O aumento do ritmo das exportações tem sido muito positivo para o Brasil. Foi possível pagar uma grande parte da dívida externa, eliminar a dívida interna atrelada ao dólar e constituir uma reserva razoável. Por outro lado, as tendências mundiais nas áreas energética e ambiental indicam que o Brasil poderá ser um grande exportador de energia (biocombustíveis), o que traz mais perspectivas de entrada de divisas e conseqüente valorização do Real. Este fato é uma ameaça à sobrevivência de alguns setores empresariais. São exemplos os setores de calçados, tecidos, cerâmica, etc. Falta aos Governos saber o que fazer para ajudá-los a sobreviver.
Qual a saída para estes setores? Deve haver algumas, mas penso que certamente uma delas será fugir para mercados mais sofisticados onde existe a exigência de produtos de design especial, qualidade excepcional e condições comerciais e de suprimento mais regulares, com atendimento a clientes bem feito. Isto exige que as empresas tenham um Sistema de Garantia da Qualidade de primeira linha. A inovação só é possível quando baseada nestes sistemas.
Um outro fato profundamente correlacionado com este problema é a baixa capacitação destes setores, que estão sendo ameaçados pela globalização, em inovação. Dou como exemplo um fato: um dia destes fiz uma visita de dois dias a uma grande e sólida empresa, para verificar algumas de suas linhas de produção e seus sistemas de inovação. Fiquei pasmo com o que vi. Linhas qualificadas na ISO 9001 mas totalmente despreparadas para enfrentar clientes muito exigentes. Creio que temos sido lenientes ao aprovar a qualificação de Sistemas de Garantia da Qualidade. A qualificação em ISO 9001 é uma carteira de motorista que não lhe permite dirigir na Fórmula 1, e, para entrar em mercados qualificados, é necessário saber dirigir Fórmula 1!

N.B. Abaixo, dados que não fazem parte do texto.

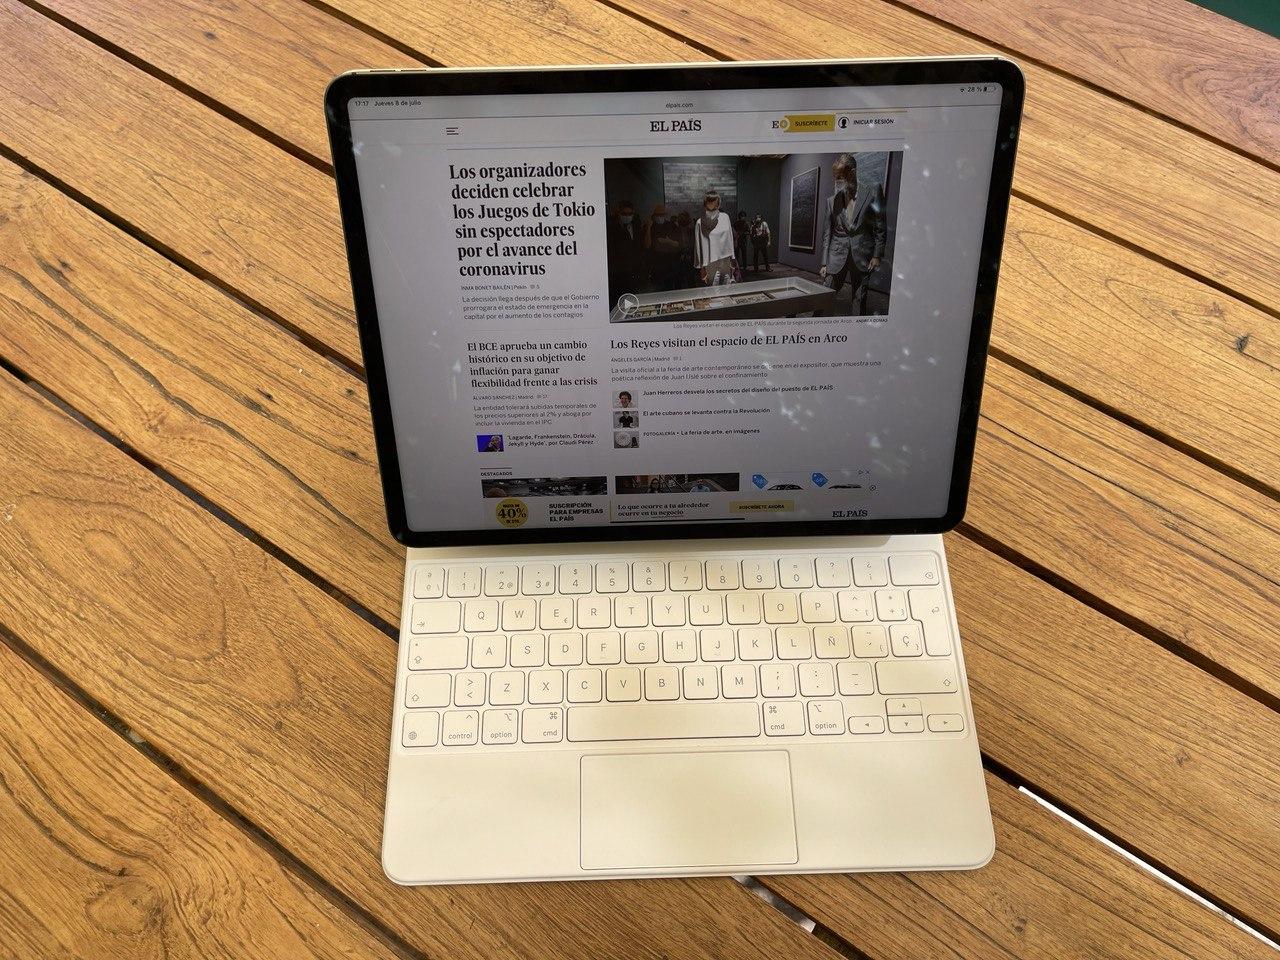 iPad Pro, a prueba: la tableta más potente de Apple con una cámara que sigue al usuario en las videollamadas

Precisamos ir além e saber implementar sistemas de alto nível de exigência. O que é necessário para isto?
Primeiro, é necessário ter um Diretor de prestígio na empresa e que esteja disposto a gerenciar toda a cadeia de produção, desde a concepção do produto até sua entrega ao cliente, tendo autorização para isto e se reportando diretamente ao Presidente.
Segundo, é necessário ter um padrão do Sistema de Garantia da Qualidade estabelecido e fazer de seu gereciamento um ato de cumprimento de padrões. Uma rotina.
Terceiro, é necessário ter padrões bem estabelecidos e que permitam não só uma boa comunicação entre a engenharia e a produção mas também que sirva como base para o controle de processos. Os procedimentos operacionais, atrelados aos padrões técnicos, devem servir de base à disciplina operacional. Mecanismos fool-proof devem ser empregados onde não é possível confiar na capacidade humana.
Quarto, é necessário ter grande capacidade de solução de problemas e fazer disto uma atividade contínua. Para isto deve-se ter os problemas constantemente listados e priorizados e suas respectivas metas cobradas no mínimo mensalmente.
Temos uma saída para o processo de globalização: entregar aos países mais pobres o que é fácil de fazer e avançar no que é difícil. Não tenho dúvidas de que esta será a saída para as empresas intensivas em mão-de-obra. No entanto, o caminho é difícil e tortuoso.